After modifying the user options in dft-options.yaml and hpc-options.yaml, the commands needed to generate data for training a model are below. For a full explanation of each, read on to the following sections.
# Modify dft-options.yaml and hpc-options.yaml as appropriate
# ...
# Run SCF
doslearn_run_scf
# Process outputs
doslearn_process_scf
Inspect the file dft-options.yaml and edit the variables found there, specific for your set up.
You can also inspect the default DFT options, which can be printed with:
import pprint
from rholearn.options import get_defaults
pprint.pprint(get_defaults("dft", "doslearn"))
Any of these can be modified by specification in the local file dft-options.yaml.
Note: the options in hpc-options.yaml will also need to be changed, depending on your cluster. The way that rholearn.aims_interface
creates run scripts for HPC resources has only been tested on a handful of clusters, all with slurm schedulers. It is not completely general and may require some hacking if not compatible with your systems. The "LOAD_MODULES"
and "EXPORT_VARIABLES"
attempt to allows generic loading of modules and exporting of environment variables, respectively, but something may be missing.

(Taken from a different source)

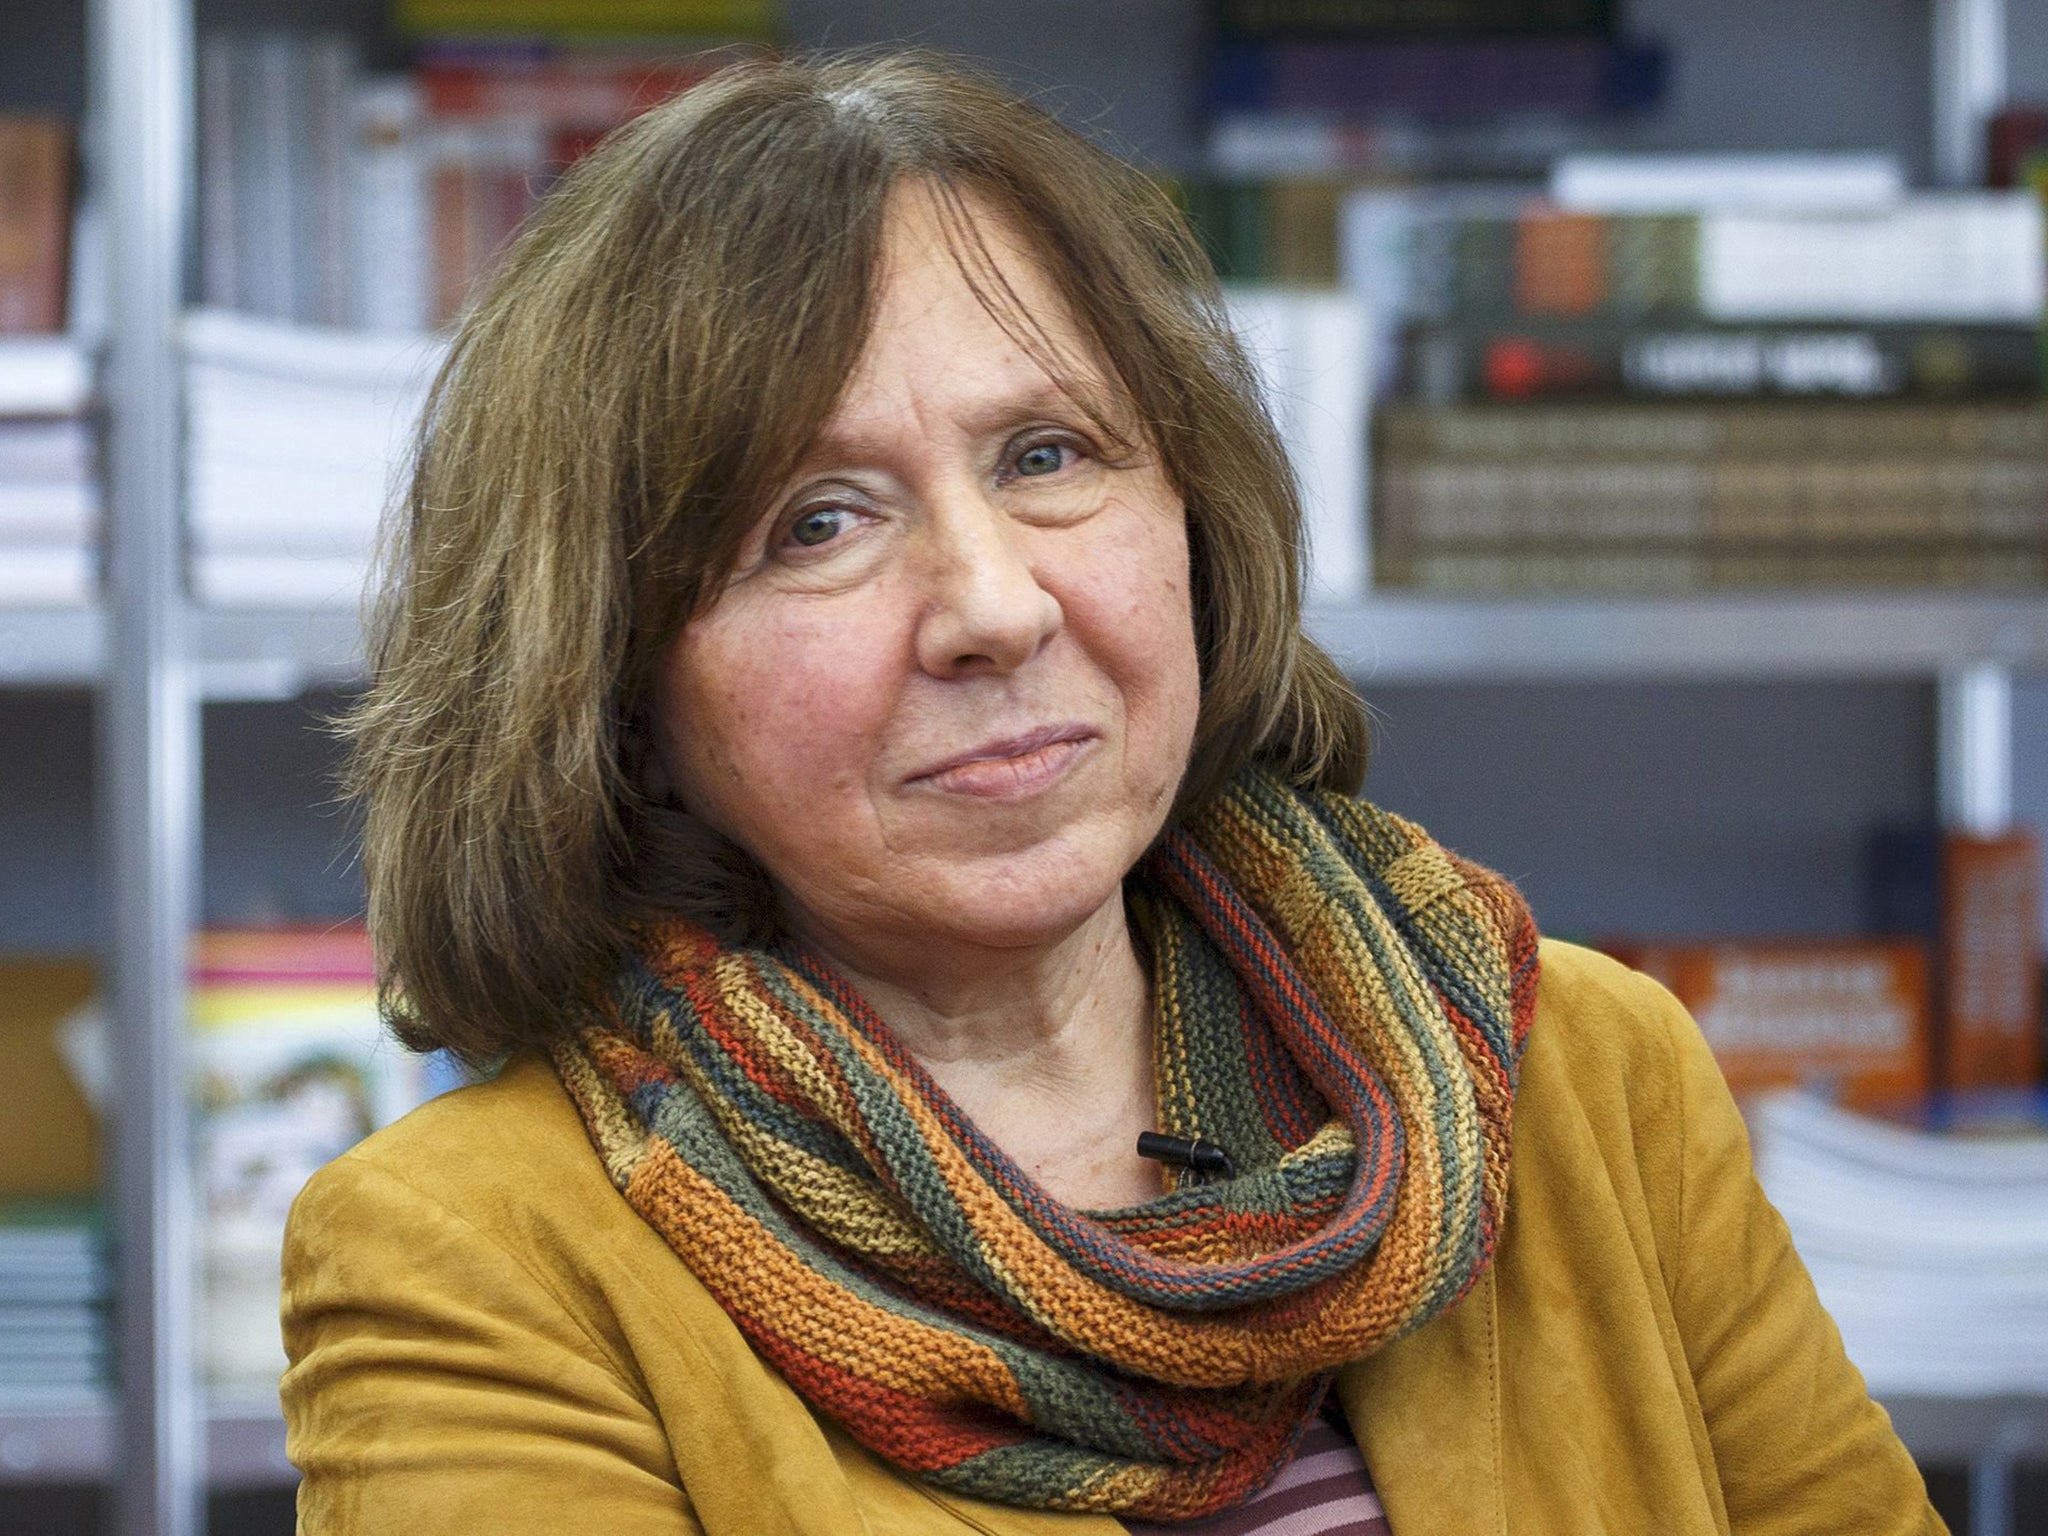 Belarusian writer Svetlana Alexievich won the 2015 Nobel Prize for Literature

Run the SCF procedure. This submits a parallel array of SCF calculations for each structure in the dataset.
from rholearn.aims_interface import scf
scf.doslearn_run_scf()
Alternatively, from the command line: doslearn_run_scf
After the calculation has finished, the run directory for each structure contains the following files:
raw/ # Raw data directory
└── 0/ # Directory for the first structure (index 0)

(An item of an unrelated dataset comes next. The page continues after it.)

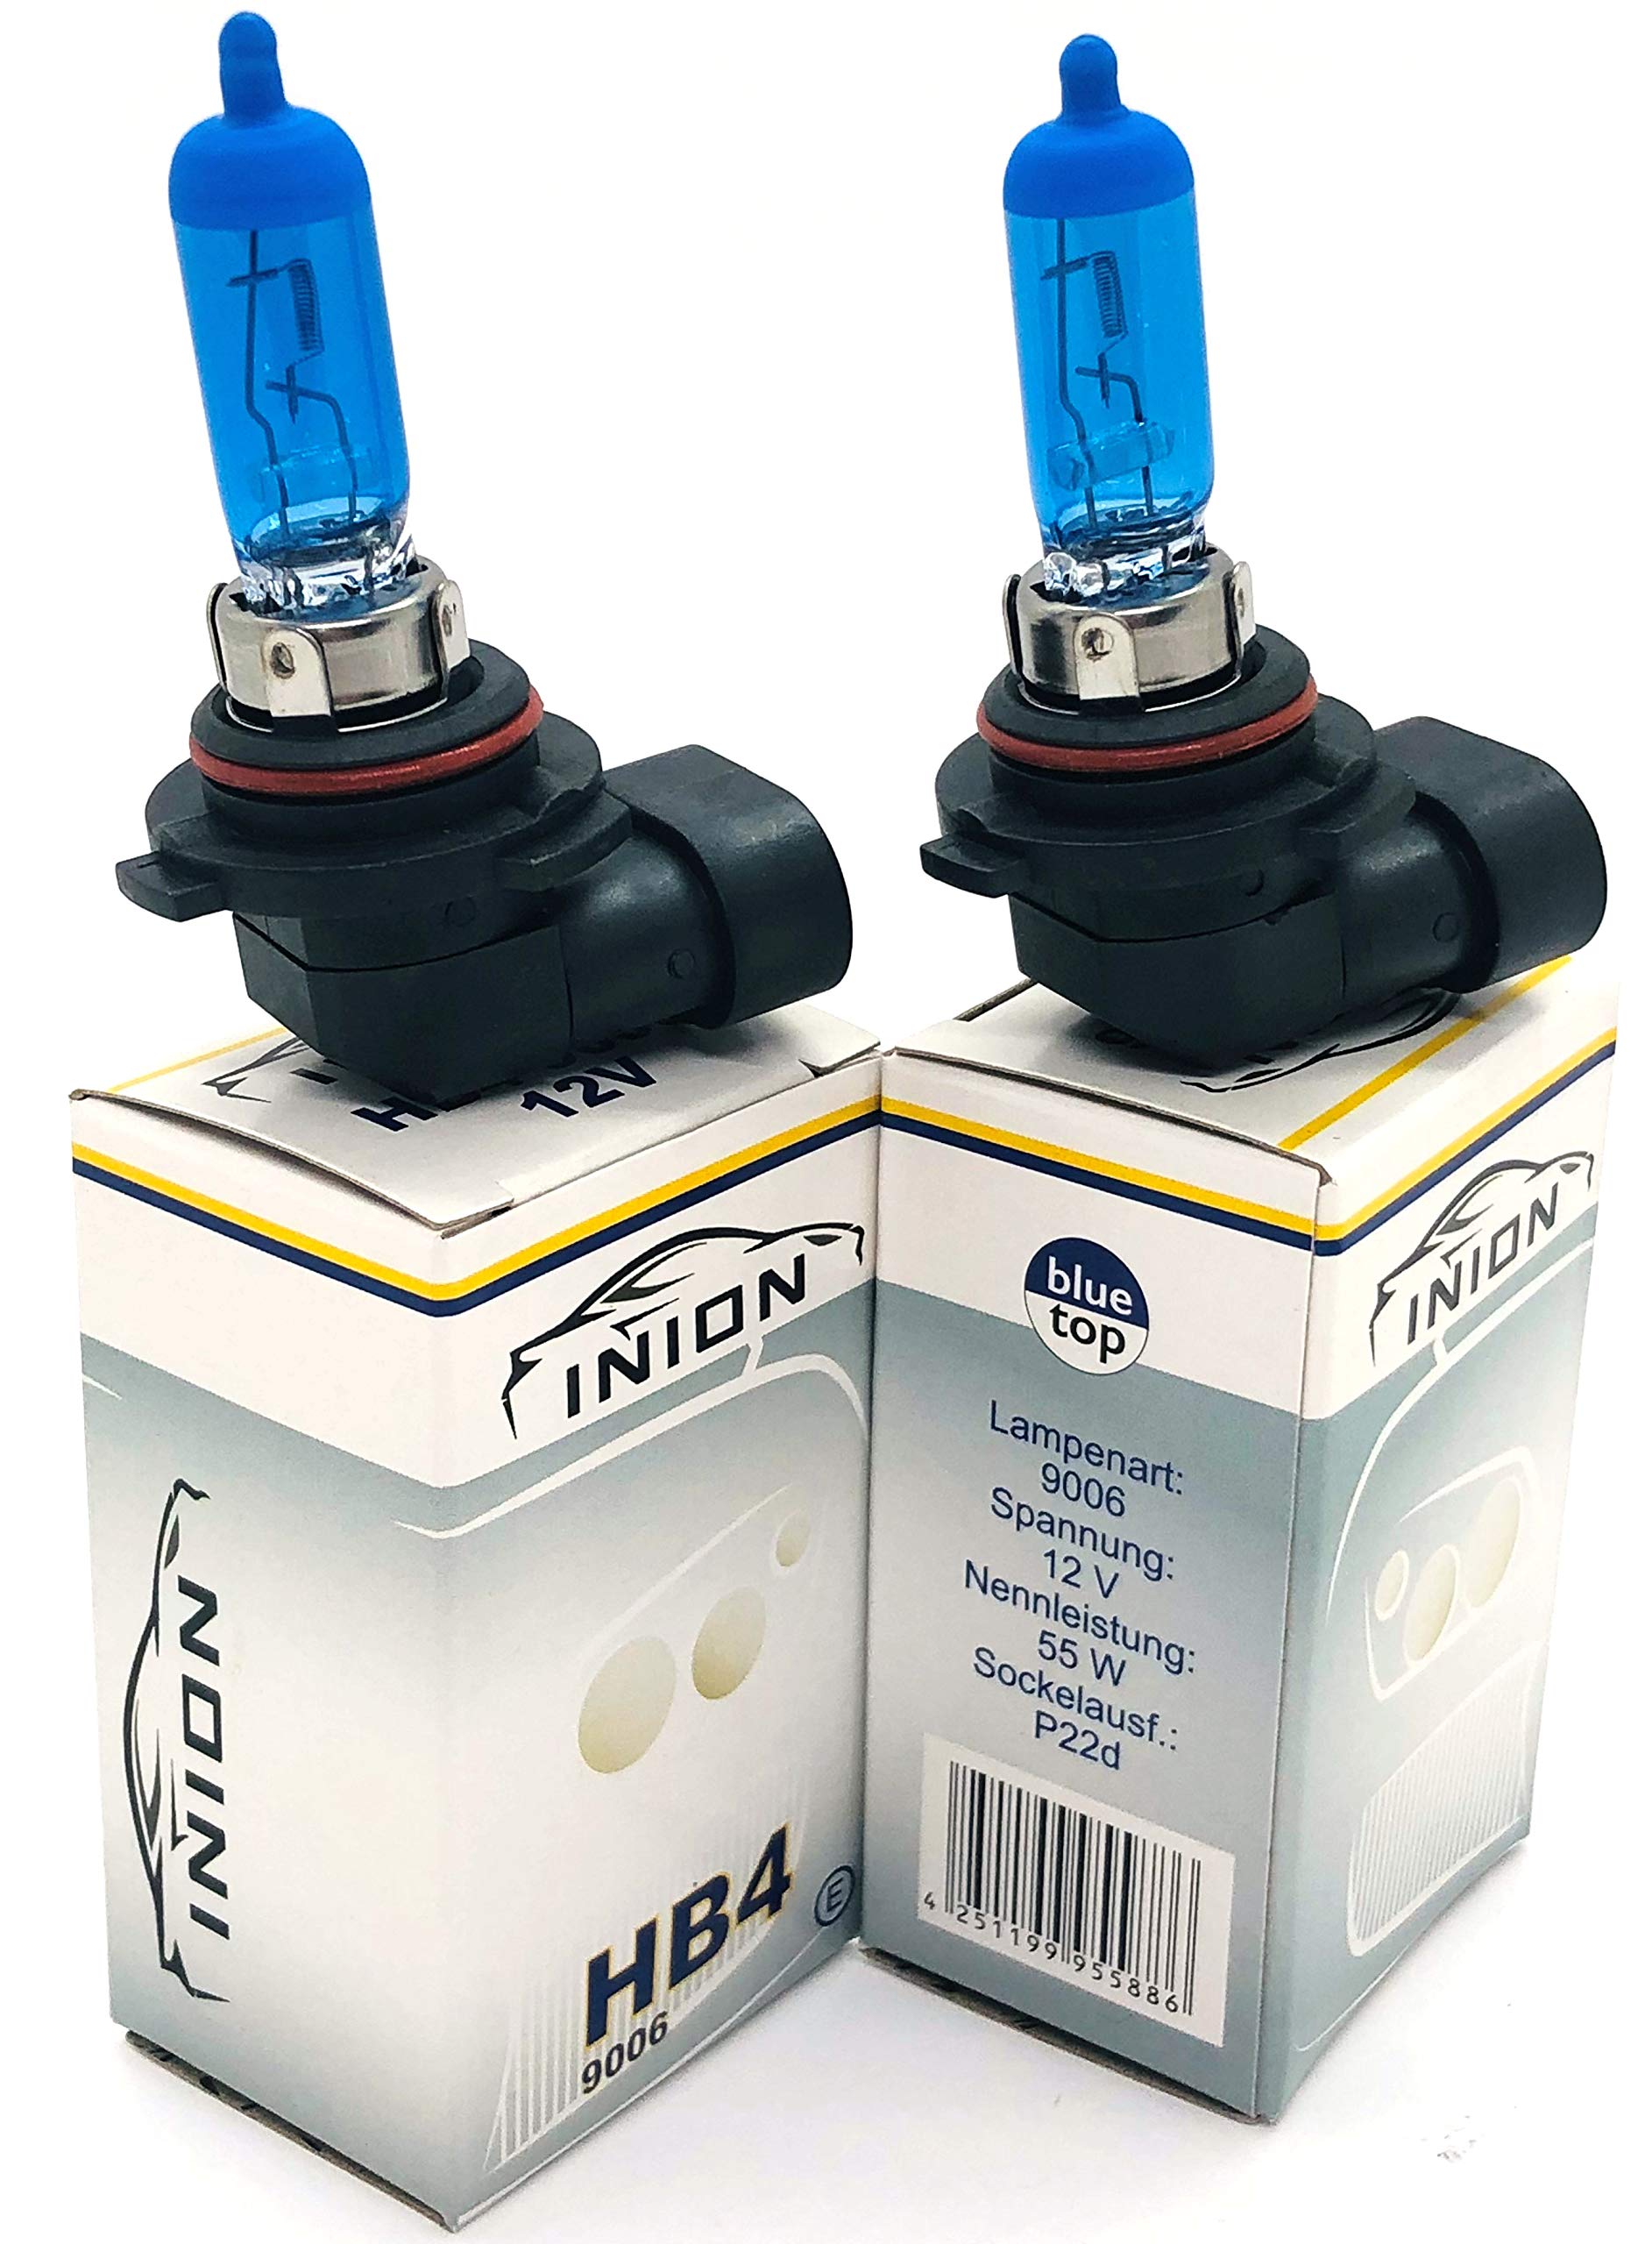 INION 2x Stück HB4 51W 9006 P22d 12V Halogen Lampen Blue Vision Optik Faltschachtel (HB4) von INION

├── aims.out # Output file from FHI-aims SCF calculation
├── control.in # Input control file for FHI-aims SCF step
├── dft-options.yaml # Copy of DFT options
├── Final_KS_eigenvalues.dat # Output file of eigenvalues
├── geometry.in # Input file with atomic coordinates and species
├── hpc-options.yaml # Copy of HPC options
└── slurm_*.out # Output file from SLURM job scheduler
└── 1/
...
The calculation has (hopefully) converged to the SCF solution for the given input options.
Now process the SCF outputs. First, the "aims.out" file is parsed to extract various information and pickle it to file "calc_info.pickle" in the FHI-aims
run directory.
Next, the eigenvalues contained in "Final_KS_eigenvalues.dat" are parsed and are used to construct the DOS via gaussian smearing of the eigenvalues. To facilitate shifting of the energy reference, the DOS are represented using Cubic Hermite Splines, which are constructed according to the splines settings DOS_SPLINES
specified in dft-options.yaml. In the splines settings, min_energy
and max_energy
are used to define the energy window in which the splines will be computed for. Endpoints for each piece of the spline are distributed uniformly on the energy grid, with a spacing defined by interval
. Then, sigma
is used to denote the width of gaussian smearing used to define the DOS. These splines are then stored in TensorMap
format and saved to a series of processed data directories at path (i.e. for structure index 0) data/processed/0/dos/dos_spline.npz
.
Splines generated with different parameters can be saved to different processed data directories by changing the default option for RUN_DIR
in dft-options.yaml.
from rholearn.aims_interface import scf
scf.doslearn_process_scf()
Alternatively, from the command line: doslearn_process_scf
In the supporting notebook part-1-dft, SCF convergence can be checked.